А где-то далеко-далеко, в совсем другом городе, и даже в совсем другой стране, на окраине земного шара,  что-то совершенно необычное почувствовала одна необычнвя  девушка… Черноволосая, с тонкими темными бровьми, как два плавных лигато, расположившихся над прекрасной, еще ненаписанной музыкой темных агатовых глаз с озорными огоньками  внтури. Что-то совсем необычное, отчего сердце её вздрогнуло от ощущения чего-то неизвестного, но непременно волшебного, - того, что вскоре должно было произойти  с ней…

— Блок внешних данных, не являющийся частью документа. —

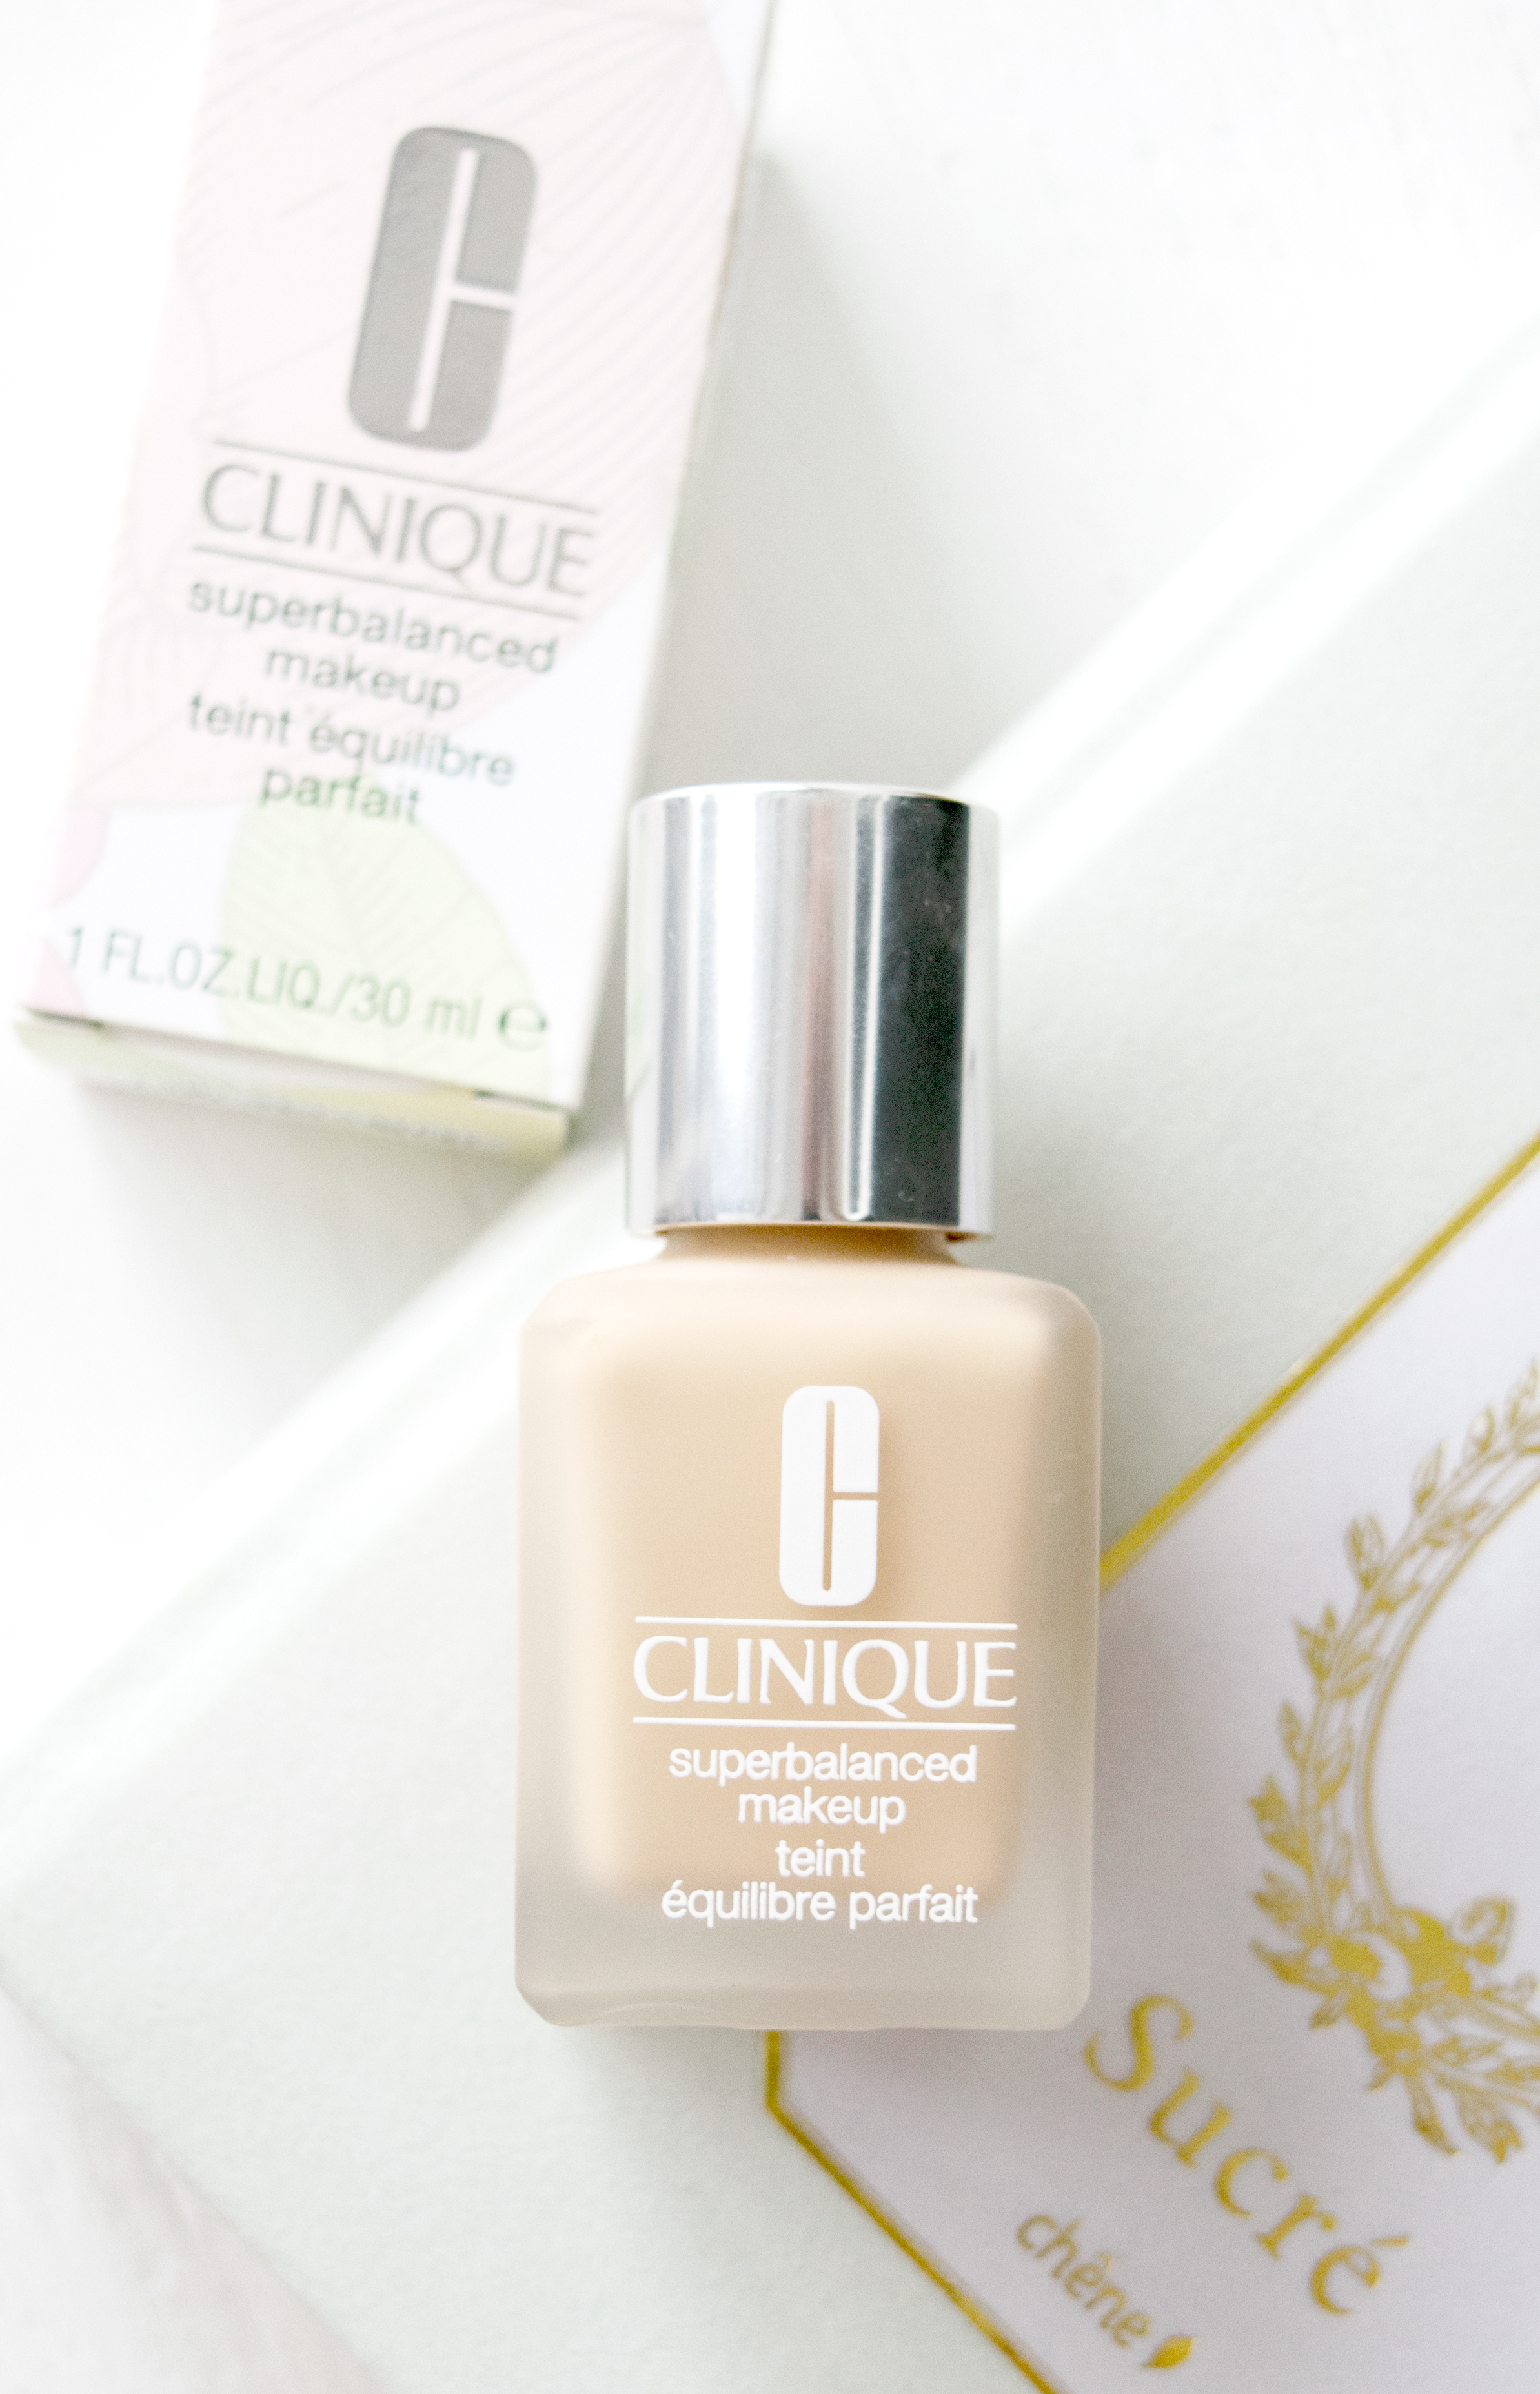 The Clinique Makeup: Oily & Sensitive Skin's Friend
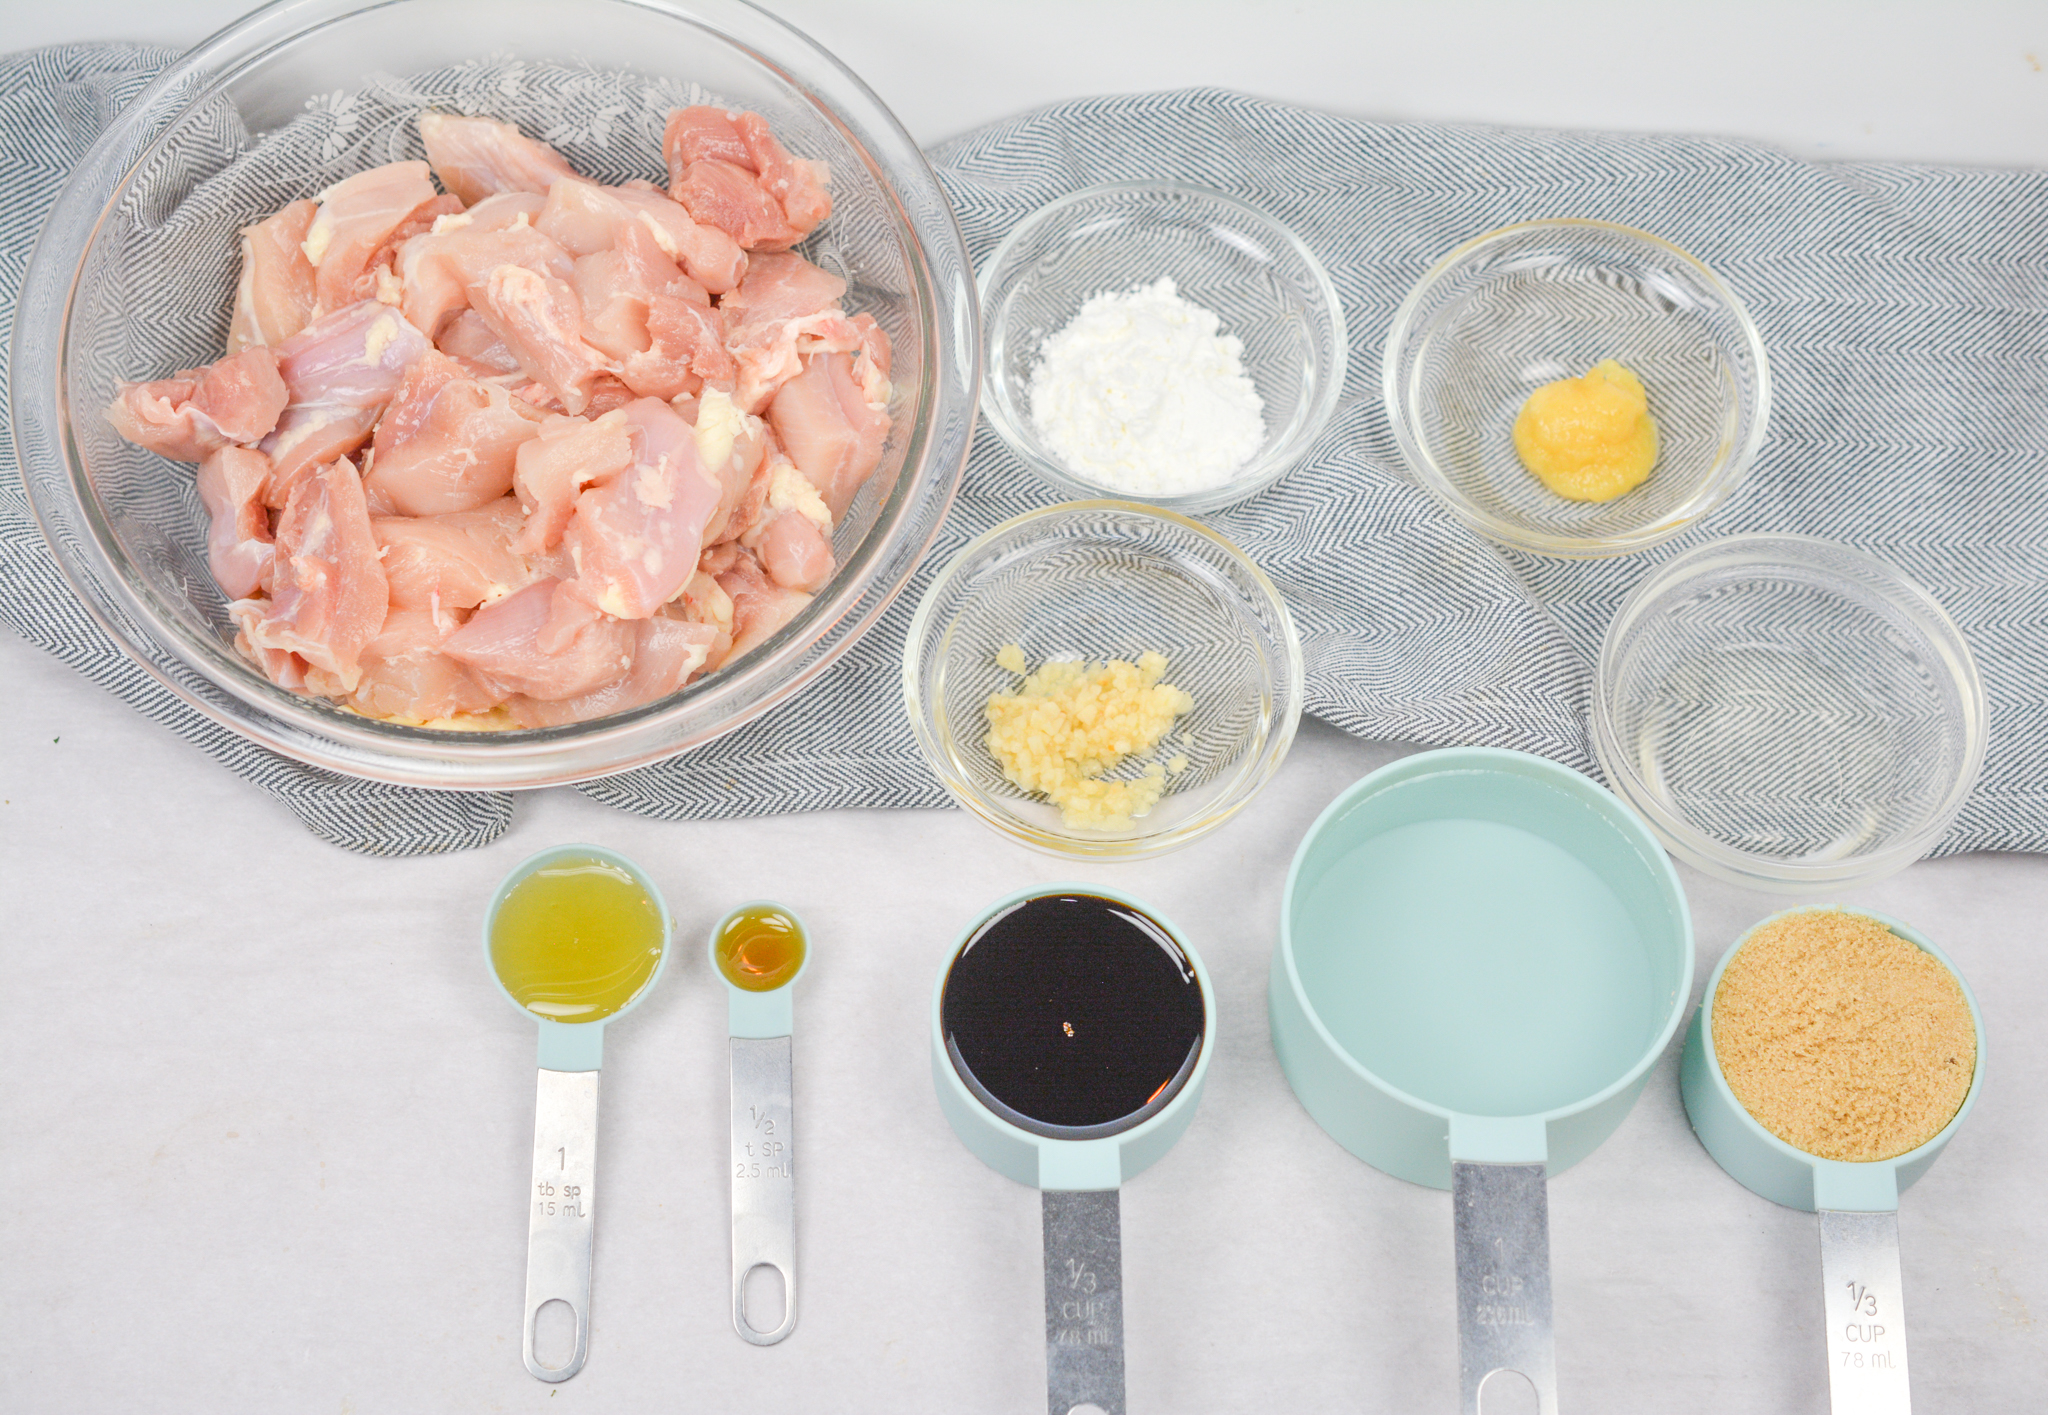 Grilled Teriyaki Chicken Skewers Ingredients

Она тоже в этот час играла на своей скрипке, и - надо же такому случиться! – в тот самый момент, когда молившееся сердце мужчины замерло на последней ноте мелодии – девушка продолжила её своей. Звуки скрипки потекли так нежно, что даже мышки, что-то неподелившие в своей норке, притихли, заслушавшись таким звучанием… Ветер, пробравшийся через отворенное окошко, перестал  шуршать шторами, уселся на край карниза, и тоже стал внимательно слушать… Тем временем, по  улице начал идти мелкий дождь… Но когда смычок скрипки забился в экстазе, судорожно выводя линии кульминации – дождь побежал что есть силы, превратился настоящий ливень, и вода бесновалась в лужах,  будто желая тоже поучавствовать в этом концерте, и грянул первый раскат грома, вообразивший, что мелодии, не достаёт партии ударника, и понеслось, понеслось!..

И все слушали, слушали, и пытались аккомпанировать сами, - этой песне девушки, вдруг почувствовавшей что-то совершенно  необычное… С этой мелодией рождалась её любовь к загадочному незнакомцу, всё еще пока боявшегося того, что идёт вслед за сумерками…

Когда-то они встретятся – и сразу узнают друг друга! Ведь их любовь – уже определилась с решением… С этой молитвой, и с этой мелодией – теперь они уже вместе.